→ Task item
From top to bottom, return the listing exactly as it appears, omitting its images.
*** Data provided Section Begins ***
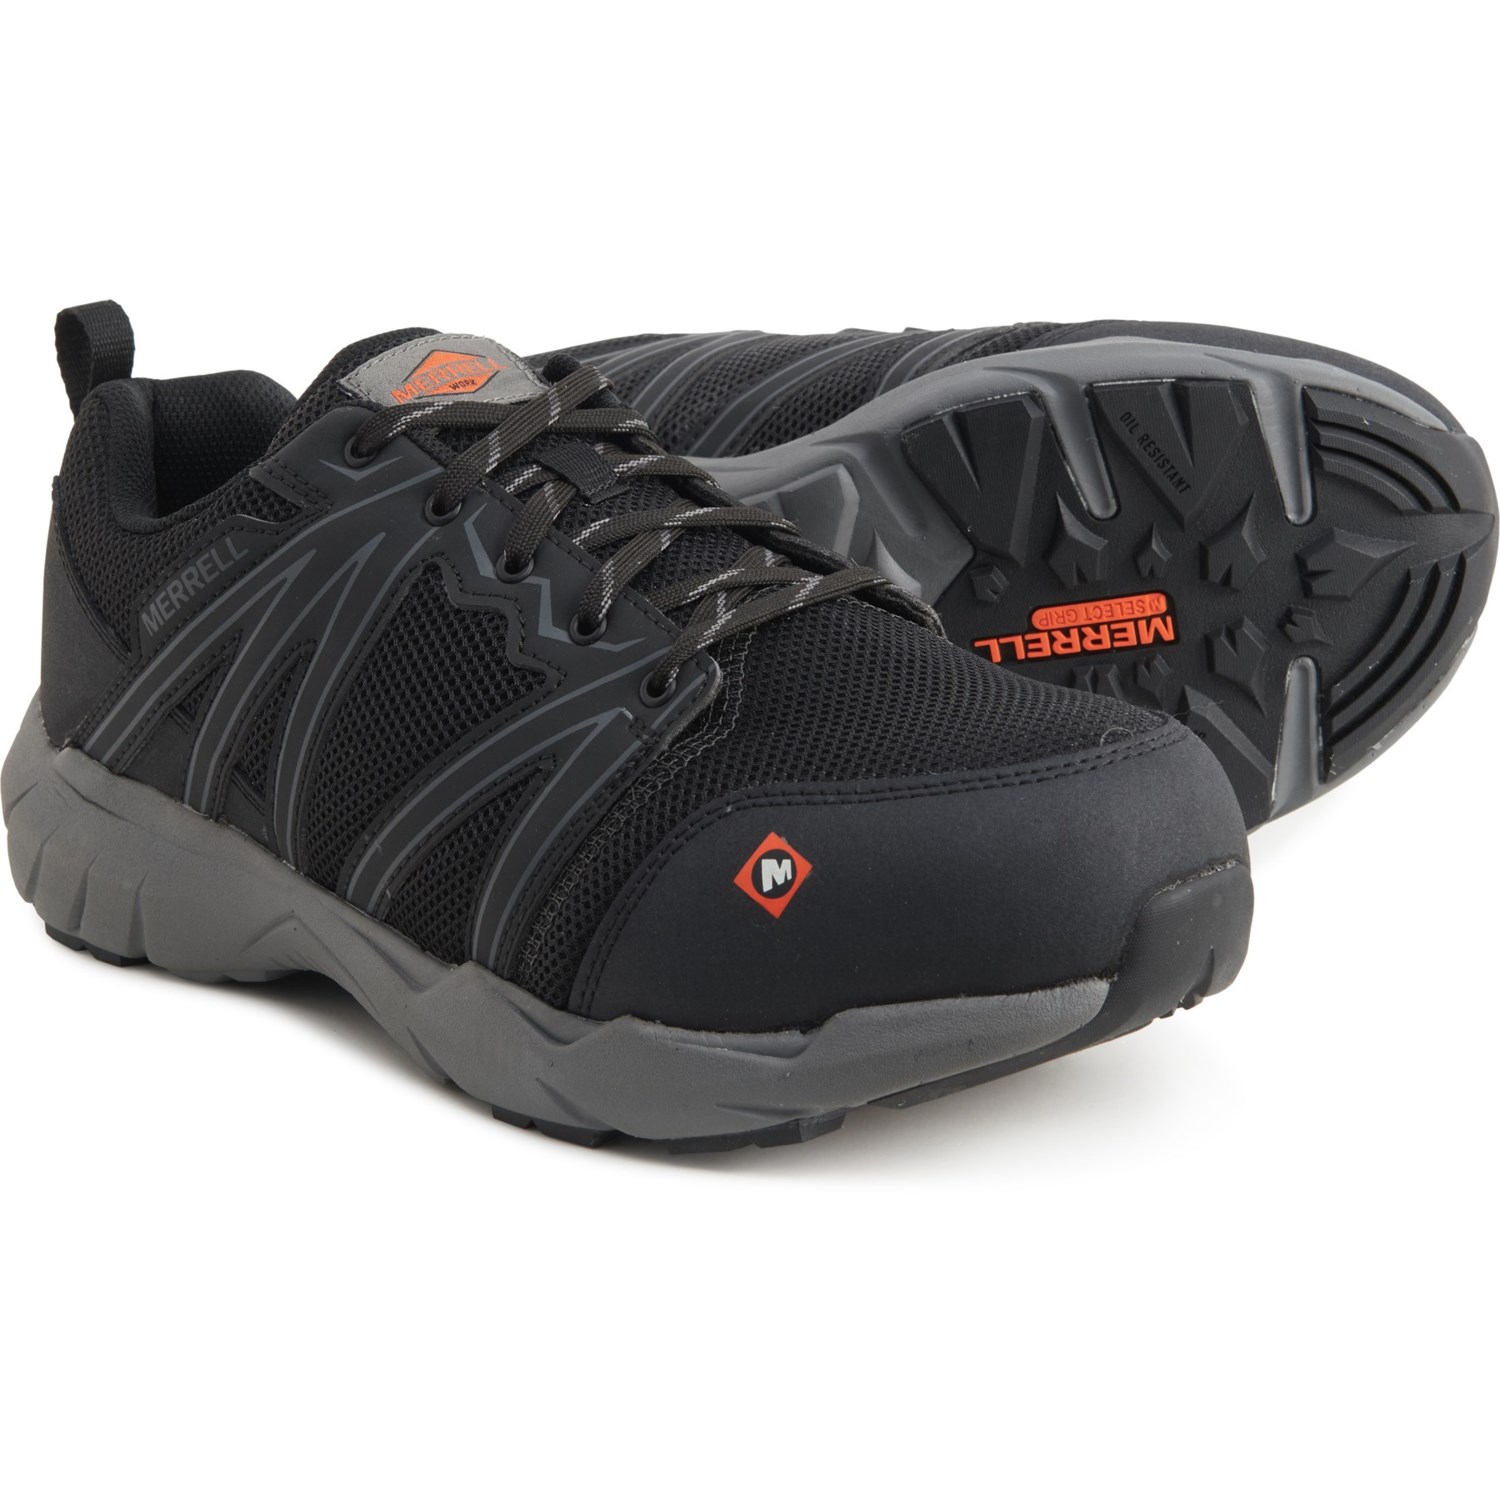 Merrell Fullbench Superlite Work Shoes (For Men) - Save 37%
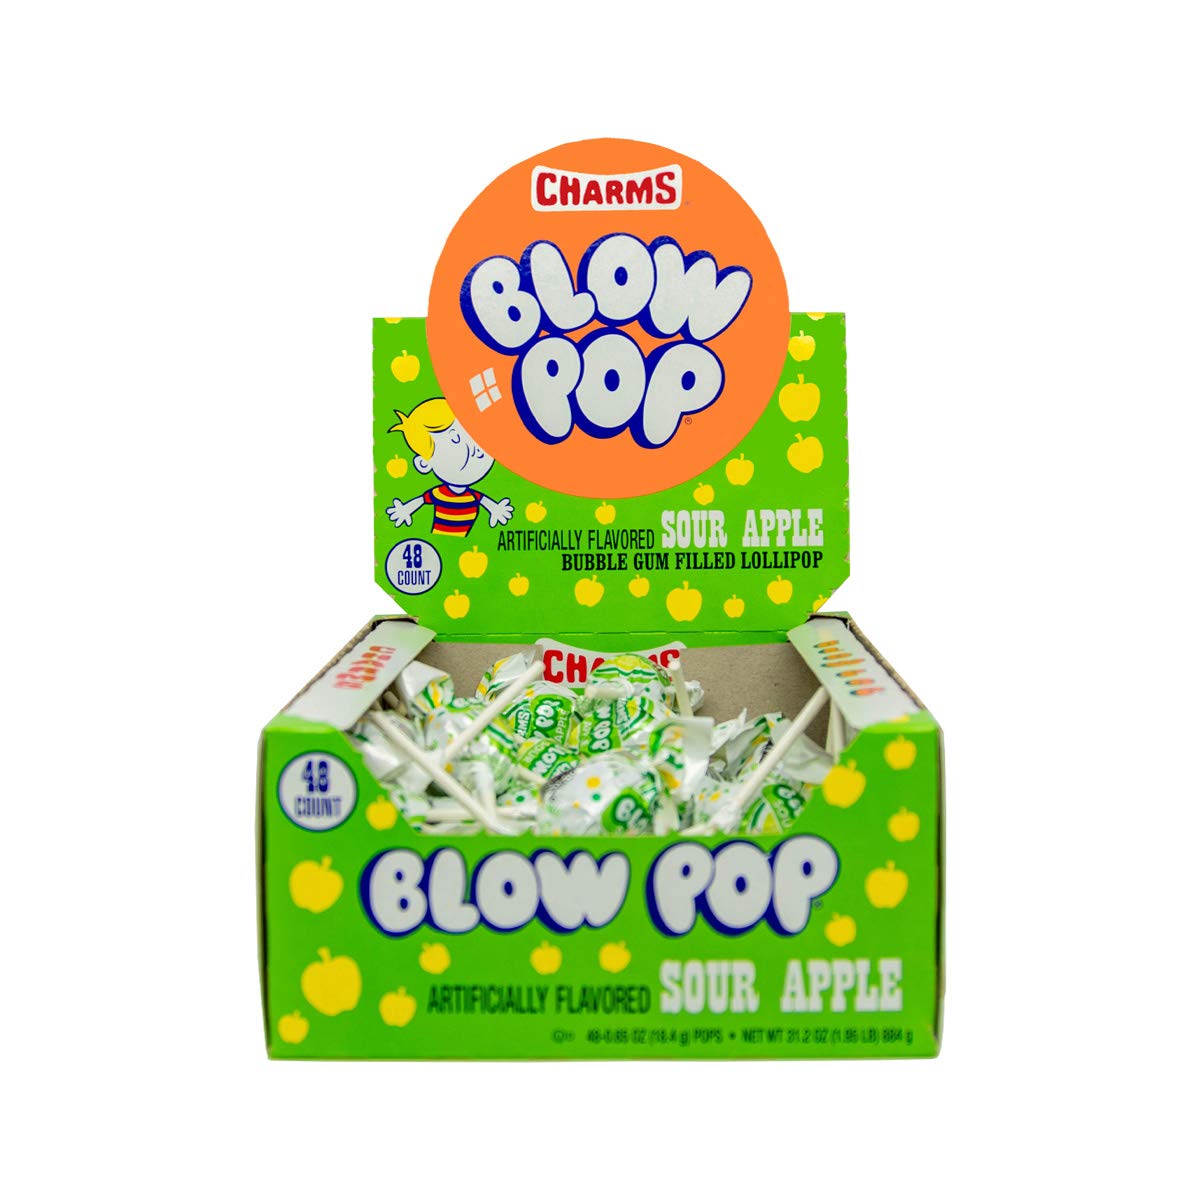  Charms Blow Pops, Sour Apple Flavor, 48-Count Box
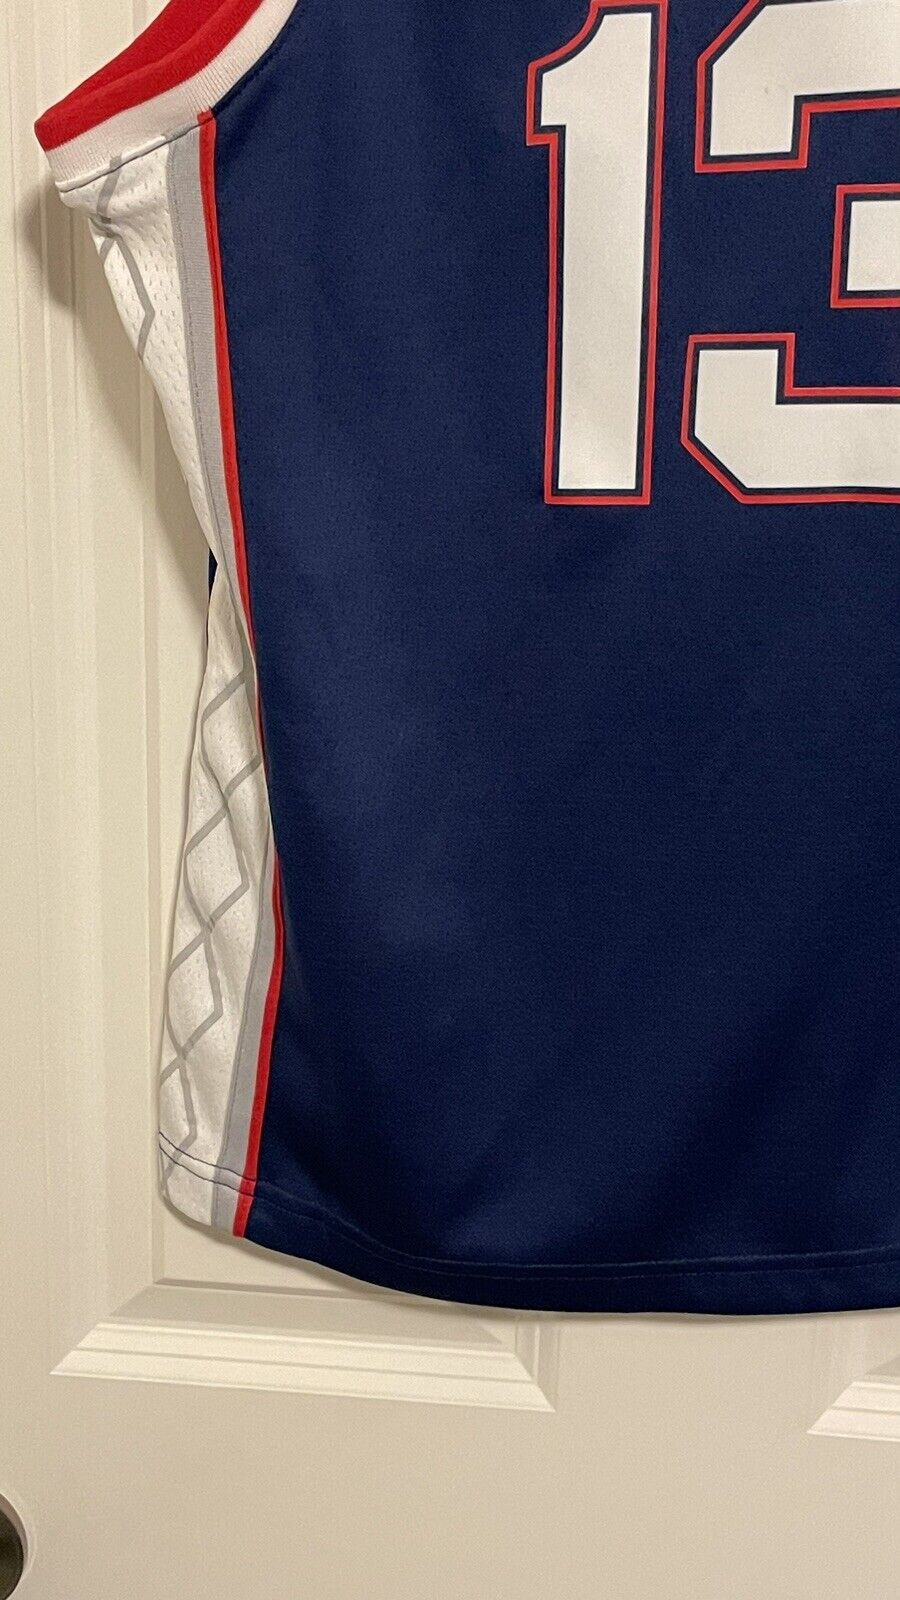 2021 NBA Nike Brooklyn Nets James Harden Earned Edition Swingman Jersey -  Size M
*** Data provided Section Ends ***
→ Result of the exercise
 Merrell Fullbench Superlite Work Shoes (For Men) - Save 37%
  Charms Blow Pops, Sour Apple Flavor, 48-Count Box
 2021 NBA Nike Brooklyn Nets James Harden Earned Edition Swingman Jersey -  Size M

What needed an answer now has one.